D145210 fixes cgscc-devirt-iteration.ll

@spatel @anton-afanasyev for the instcombine issue

I see some regressions on internal benchmarks from this, investigating those

llvm/test/Transforms/PhaseOrdering/X86/pr52289.ll
9

this is an instcombine issue related to https://github.com/llvm/llvm-project/issues/51631 which has some bugs split out from it that are still open

aeubanks updated this revision to Diff 507053.Mar 21 2023, 10:51 AM

rebase, update tests

aeubanks retitled this revision from [WIP][Pipeline] Remove GlobalCleanupPM to [Pipeline] Remove GlobalCleanupPM.Mar 22 2023, 1:12 PM
aeubanks added inline comments.
llvm/test/Transforms/PhaseOrdering/X86/pr52289.ll
9

https://github.com/llvm/llvm-project/issues/51744 and https://github.com/llvm/llvm-project/issues/51748 are the open issues for this. is it ok to regress this for now given that the original motivation for this was found via fuzzing and not real world code?

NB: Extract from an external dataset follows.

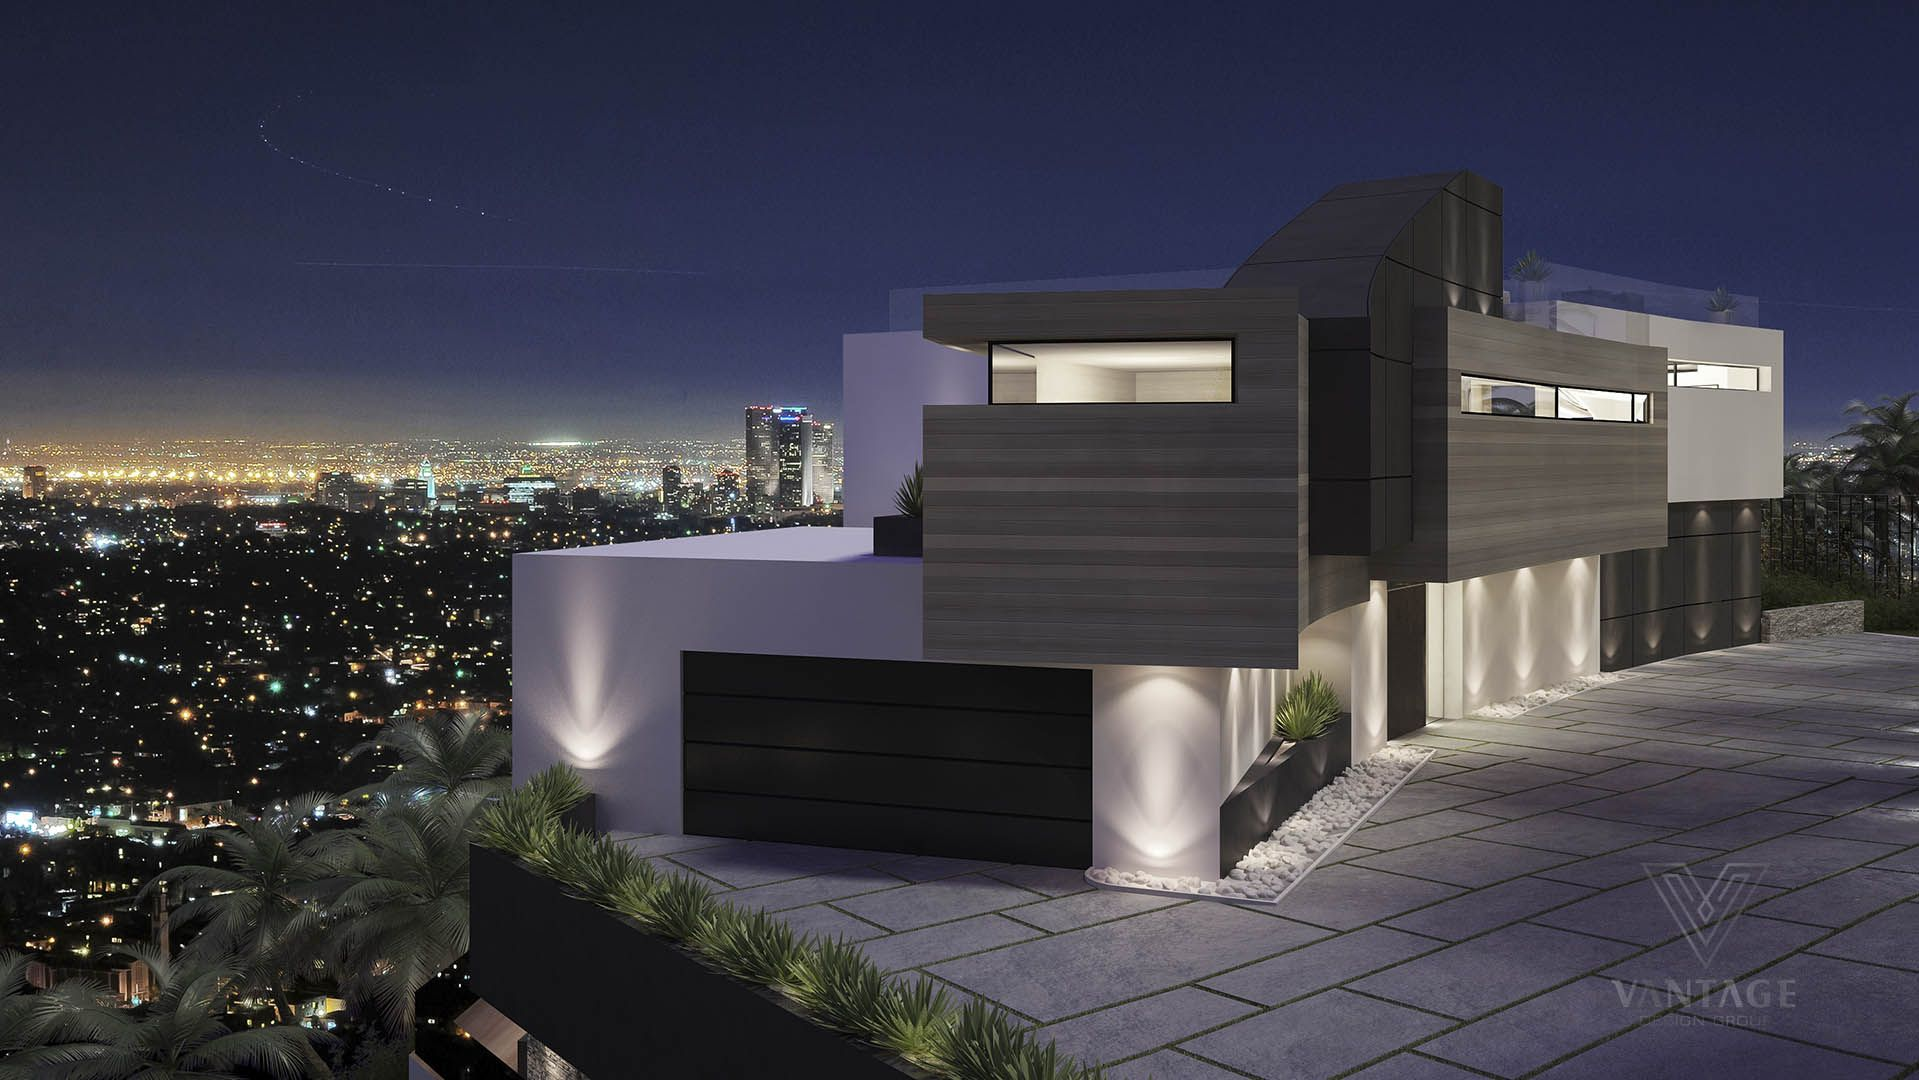 7640 Curson - Vantage Design Group | Concept architecture, Architecture,  Modern architecture

aeubanks updated this revision to Diff 508167.Mar 24 2023, 11:04 AM

add FIXME to phase ordering test

I think this (removing GlobalCleanupPM) makes sense at a high level, but this is a pretty substantial pipeline change and will need more thorough evaluation (e.g. looking at IR diffs on test suite). For example, it is not at all obvious to me that moving InstCombine before EarlyCSE is harmless, given the impact this may have on one-use heuristics.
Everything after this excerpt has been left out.